Юнна Мориц — артистичная натура. Ее звукопись сродни живописи. Не случайно она так хорошо чувствует и понимает цвет, колорит, композицию пространства. В стихах оживают сочные краски юга, графика прибалтийских пейзажей. Музыка и цвет, воплощенные в слове, как правило, не самоценны, а лирически содержательны, ибо выражают оттенки психологического состояния, культуру личности, ее историческую память.

Отсюда и множество классических реминисценций — книжных, музыкальных, живописных. Они для Мориц — та же теплая, естественная жизнь, только порой более реальная, ибо продленная в вечность. Каждый художник вправе брать чужое, но не каждый умеет понять и освоить это чужое как кровное свое.

Отсюда и дар перевоплощения, дар переводчика, особенно грузинской поэзии, близкой ей по темпераменту, образной щедрости и вере в благородную силу честного стихотворного слова.

Широко известны песни на стихи Юнны Мориц — изящные, с юмором, иногда умело стилизованные под сказочные средневековые сюжеты. Ее песни часто обращены к детям, и дети любят и ценят праздничную поэтическую игру, которую предлагает им автор.

Бывает, впрочем, что Юнна Мориц впадает в холодноватую изысканность стиля, и тогда на поверхности стиха проступает чертеж, обозначение чувства вместо него самого. Когда речь идет о таком профессионале, неверный, пусть и красивый звук есть верный признак отсутствия серьезного жизненного повода для поэтического высказывания.

Повторю общеизвестное: искренность, обеспеченная судьбой, духовной биографией поэта,- непременное свойство подлинной лирики, хотя, разумеется, сама по себе эта искренность, как и стихотворная техника, еще не гарантирует объективной ценности стиха. Все зависит от того, насколько богат внутренний мир поэта, каково его нравственное наполнение.
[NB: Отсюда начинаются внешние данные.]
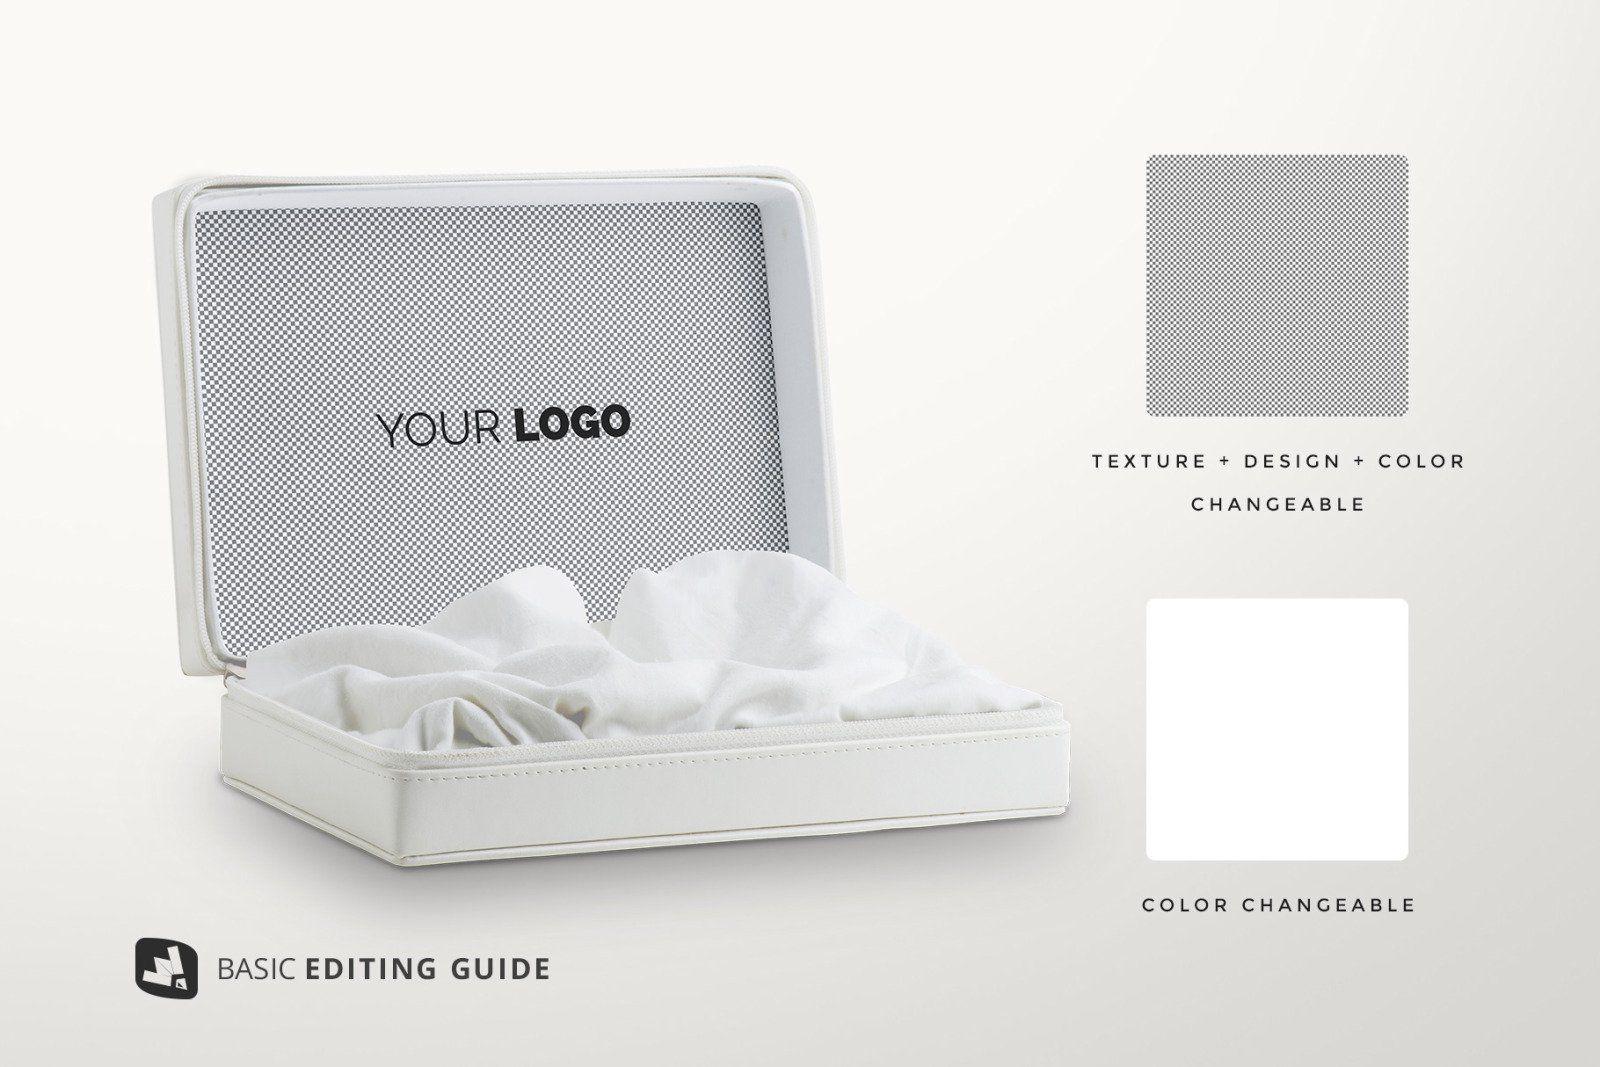 Download Clothing Packaging Mockup Premium Free Mockup Templates Stationery Brochure Device T Shirt And Packaging Mockup Clothing Packaging Clothing Mockup
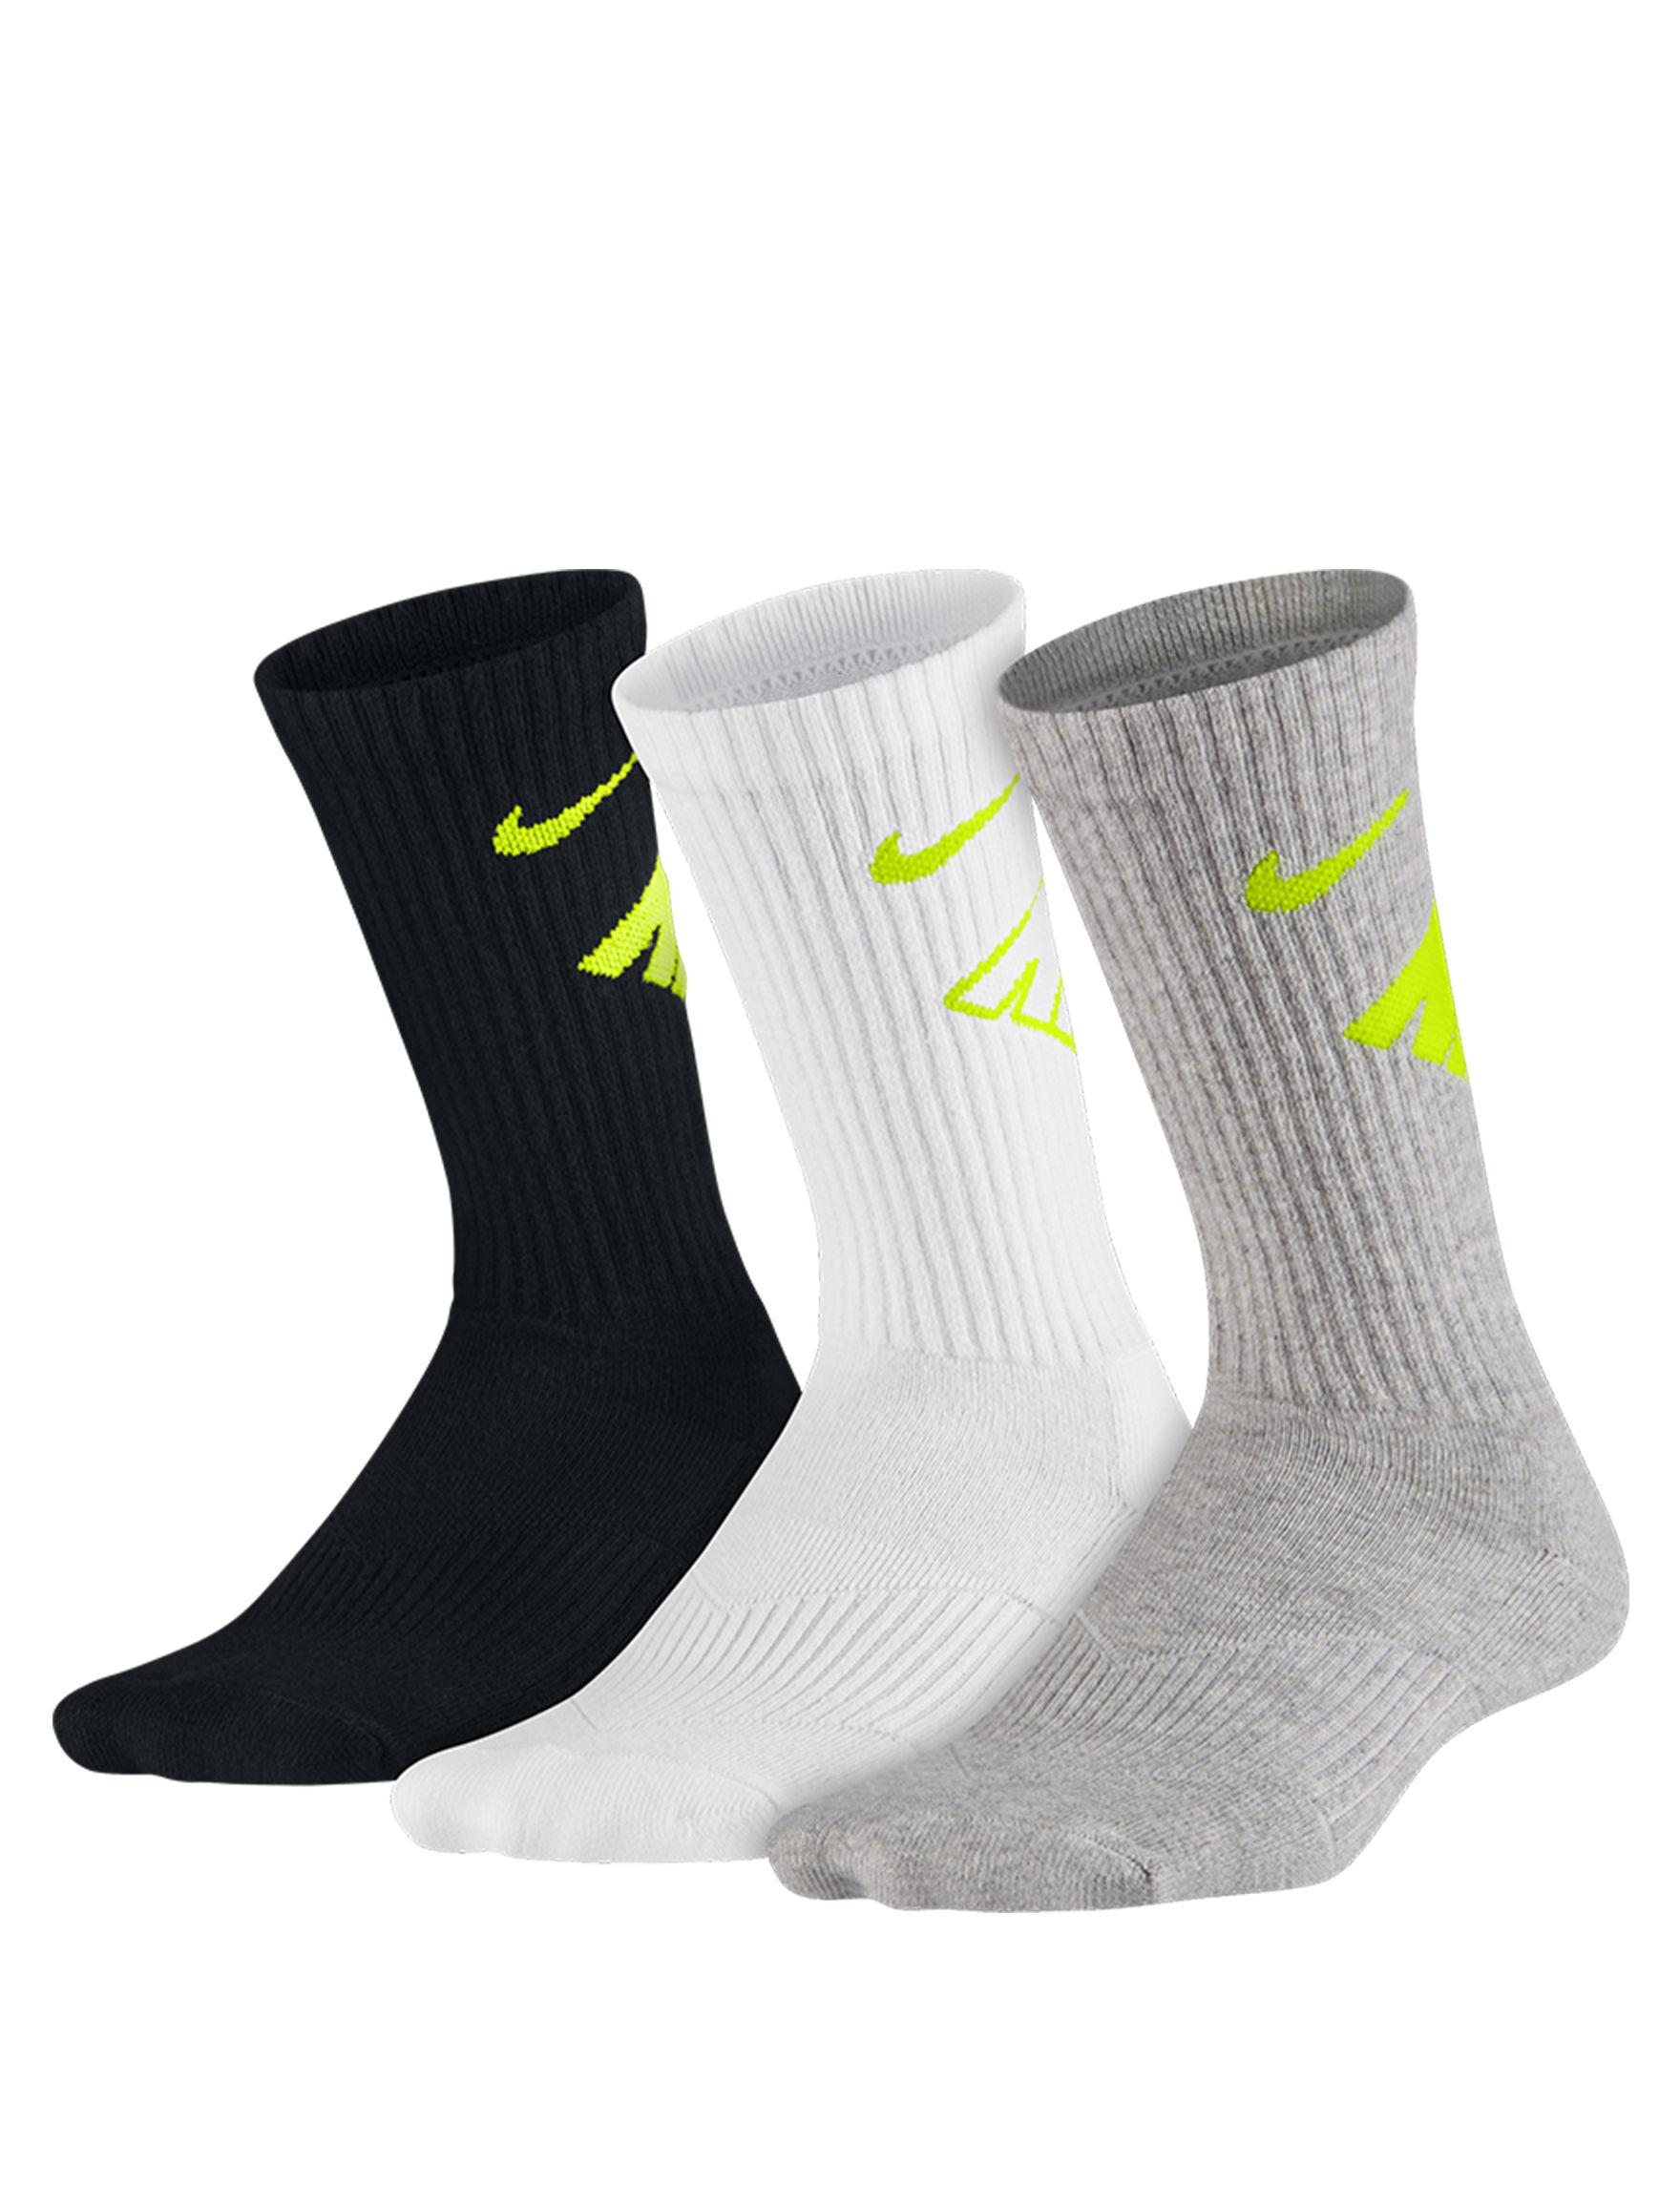 Nike Multi Socks

Не променяй же детства на бессмертье
И верхний свет на тучную свечу.
Все милосердье и жестокосердье
Не там, а здесь. Я долго жить хочу!
Я быть хочу! Не после, не в веках,
Не наизусть, не дважды и не снова,
Не в анекдотах или в дневниках —
А только в самом полном смысле слова!

Веришь этому живому голосу, обращенному к шекспировской Джульетте, к самой себе, к каждому из нас, которым надлежит до конца пройти свой земной путь человека в самом полном смысле этого слова.
Мне особенно дороги те мгновения ее поэзии, когда «вечное» как бы прорастает в них из вещного, конкретного, а не парит, оторвавшись от земли, в тумане абстракции. Когда упругий парус стиха прочно прошит суровой просоленной нитью реальной, а не вымечтанной жизни. Душа — она ведь не сама по себе, ей нужны материализация, вещность — тогда и о вечности можно. Ей нужны пеленки маленького сына, тепло родного дыхания, смертельный страх за болеющую маму, радость свидания с верным другом, постоянный взгляд чуткой совести на творение рук своих:

Тогда в слезах прильнешь к земной отчизне
И предпочтешь на весь остаток дней
Беспомощность одушевленной жизни
Бездушному бессмертию камней.

Это предпочтение — непременная черта всякого подлинного искусства. В том числе искусства поэзии, которому Юнна Мориц с честью служит вот уже четверть века.
Источник: Юнна Мориц. Избранное. Москва: Советский писатель, 1982.